Some have claimed that their purpose in the reprehensible business of faking racism and anti-Semitism is to “spark a broader conversation,” as in the instance of rural Minnesota college St. Olaf, whose campus experienced a black female undergraduate called the N-word on a threatening, and wholly fabricated, note left on a windshield. When the hoax was exposed, you know what the author, another St. Olaf student, claimed was her intention? She wanted “to draw attention to concerns about the campus climate.”

Isn’t that rich?

Now, let’s add the clownish defense of “desirous of sparking a broader conversation about my pet issue” to the annals of two-wrongs-don’t-ever-make-a-right chidings of those who pretend to mean well, but, alas, somehow lose their morals along the way to proselytizing to the rest of us.

To be clear: Fearmongering and the exploitation of contrived incidents have long been the domain of demagogues and activists on both sides of the political aisle. Many have astutely discerned that fear drives folks to the polls — and that ultimately results in election victories. Exhibit A would certainly include the Trumpian stump speeches warning of “the caravan,” that supposedly included a marauding band of gangbangers and other undesirables traveling north to the border, with an expected breach date of, wait for it, Election Day.

But let’s not pretend that the purposeful misreading and cynical exploitation of the FBI’s hate crime statistics don’t have political ramifications as well. Hate crimes are a credible threat to our nation’s citizenry, and we should make every effort to ferret out those who would perpetrate them and eradicate this scourge on our society. But let’s not pretend that much of this isn’t politics as usual, the calculated presentation of crime statistic vagaries to drive your base to the polls. That doesn’t mean we shouldn’t take the threat of violence inspired by hatred seriously.

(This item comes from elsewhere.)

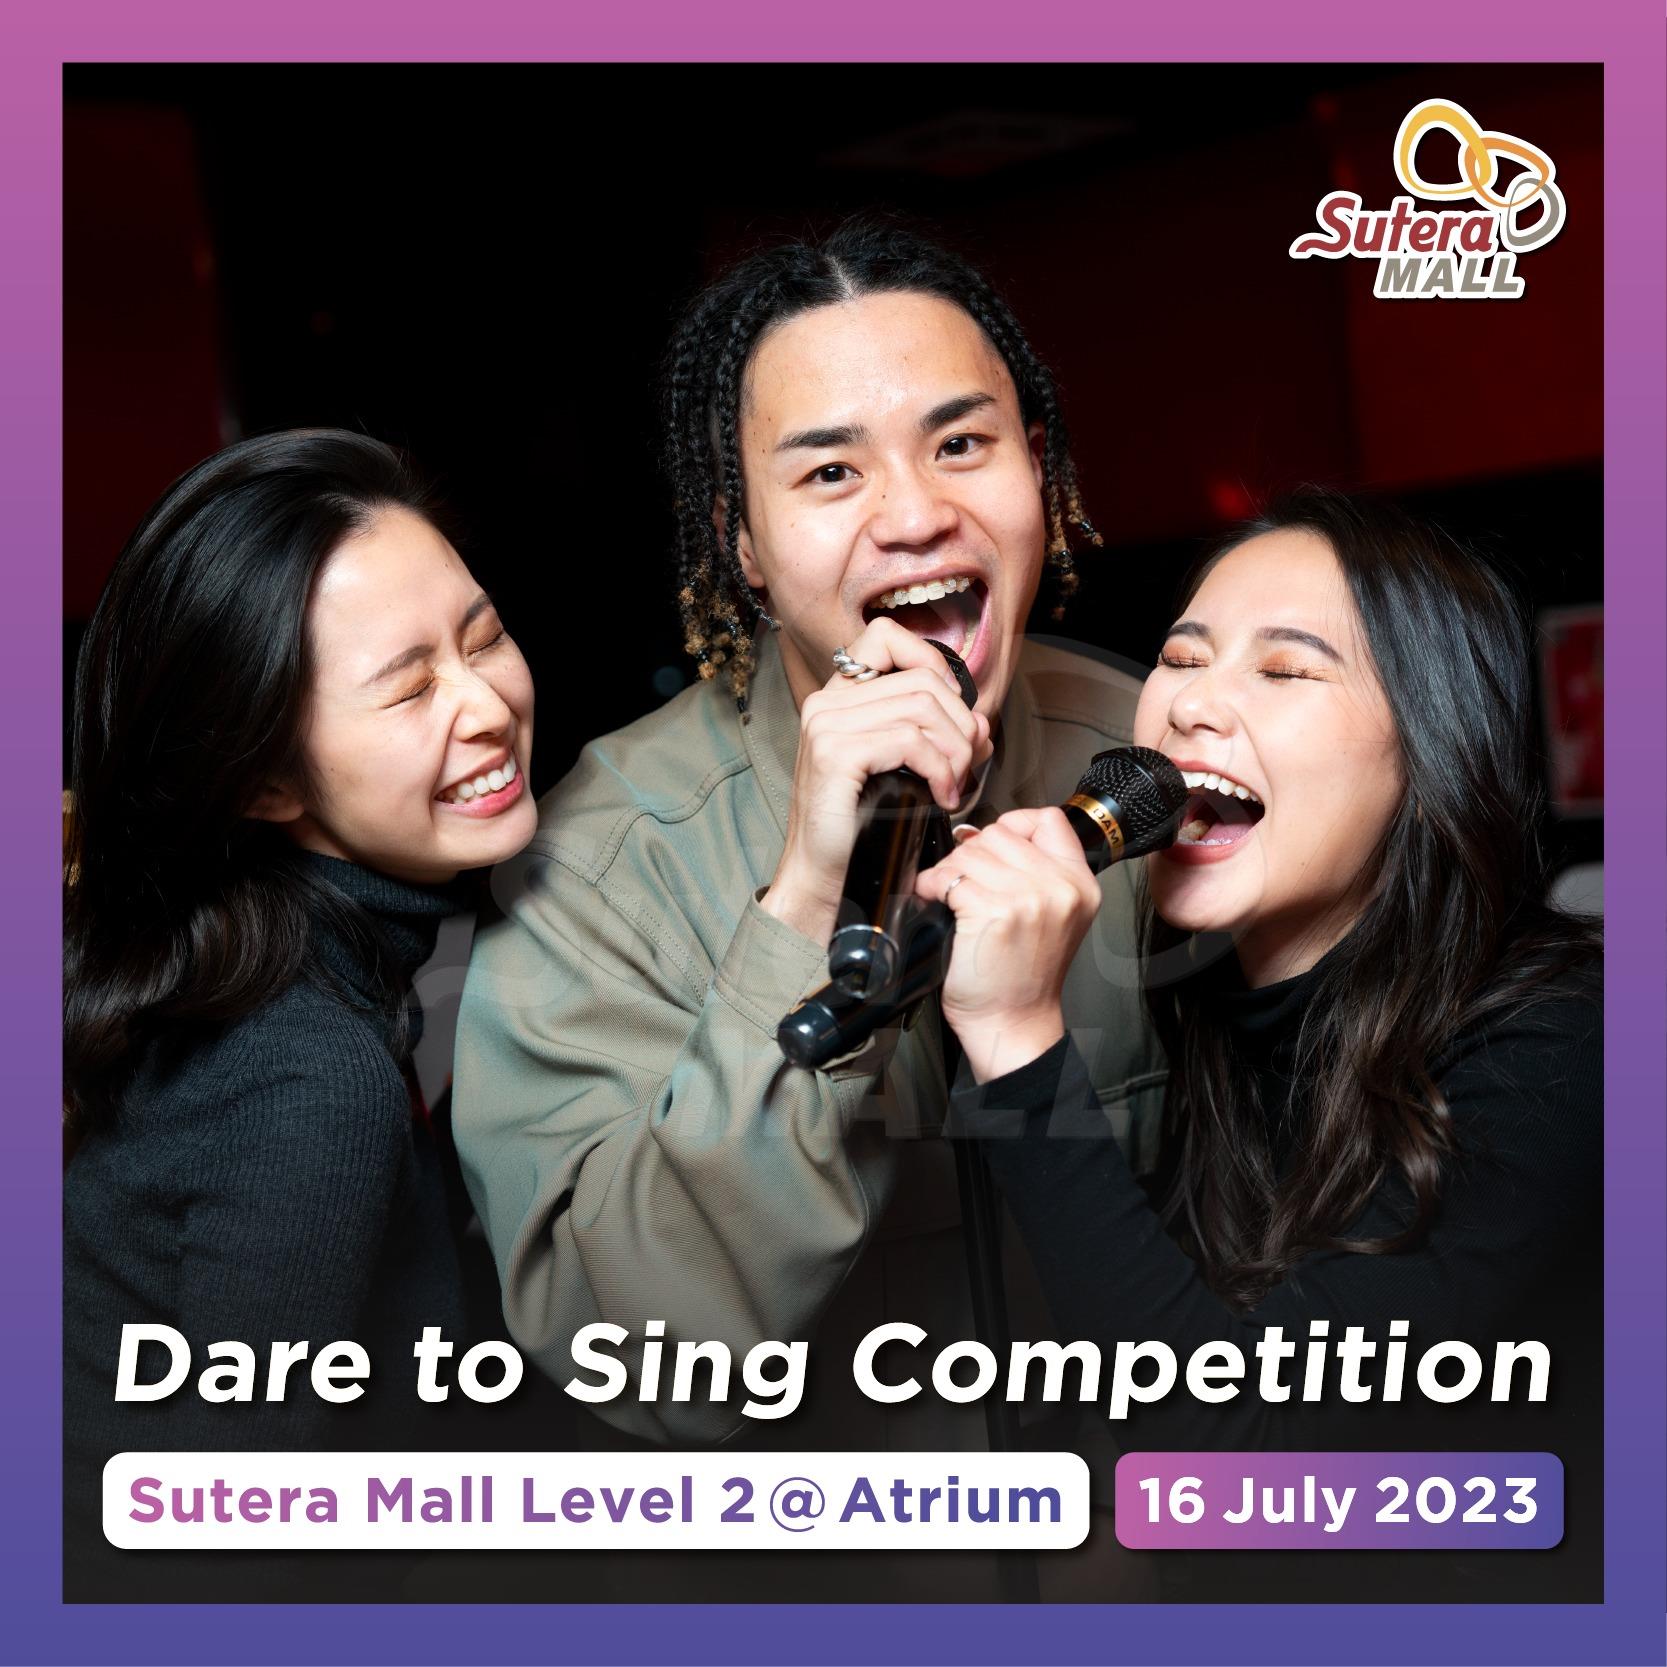 <div class='event-date'>16 Jul 2023</div><div class='event-title'><h4>Dare to Sing Competition</h4></div>
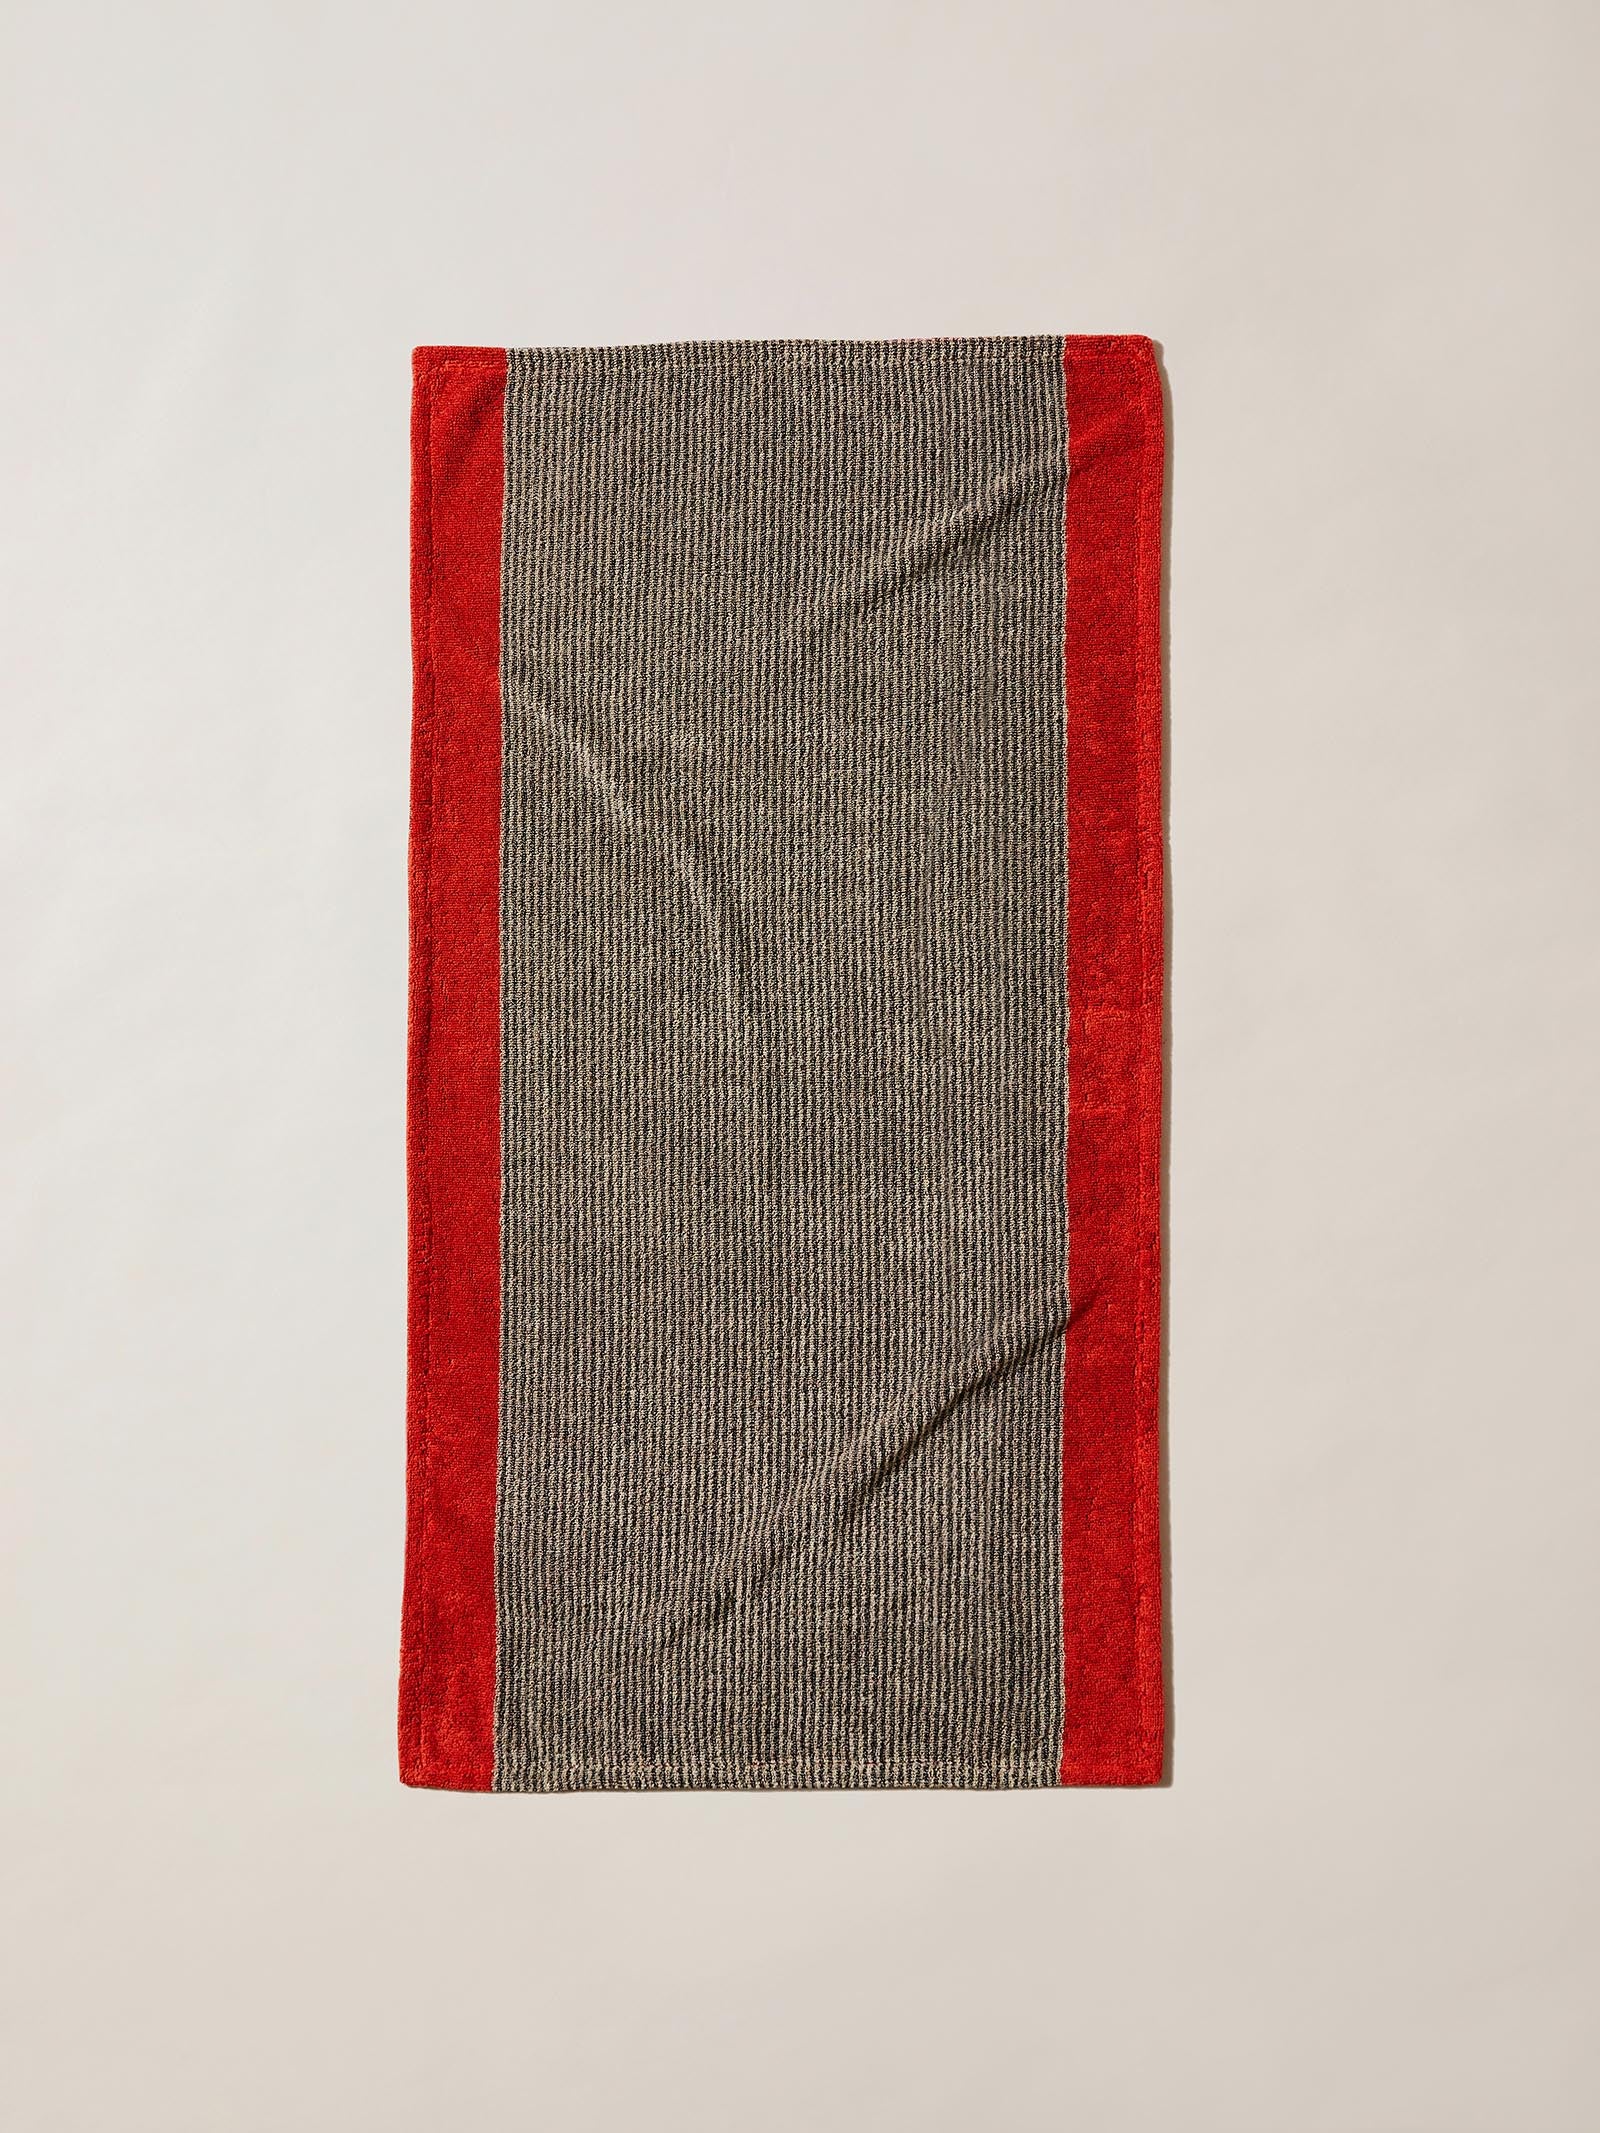 Small Towel - Smoke and Terra Red

But let’s just call the current hue and cry what it is: The Right has its caravan, and the Left now has its FBI hate crime statistics.

That leaves the rest of us to tune out the noise and figure out the difference between what’s real and what’s pretend.

James A. Gagliano (@JamesAGagliano) worked in the FBI for 25 years. He is a law enforcement analyst for CNN and an adjunct assistant professor in homeland security and criminal justice at St. John’s University.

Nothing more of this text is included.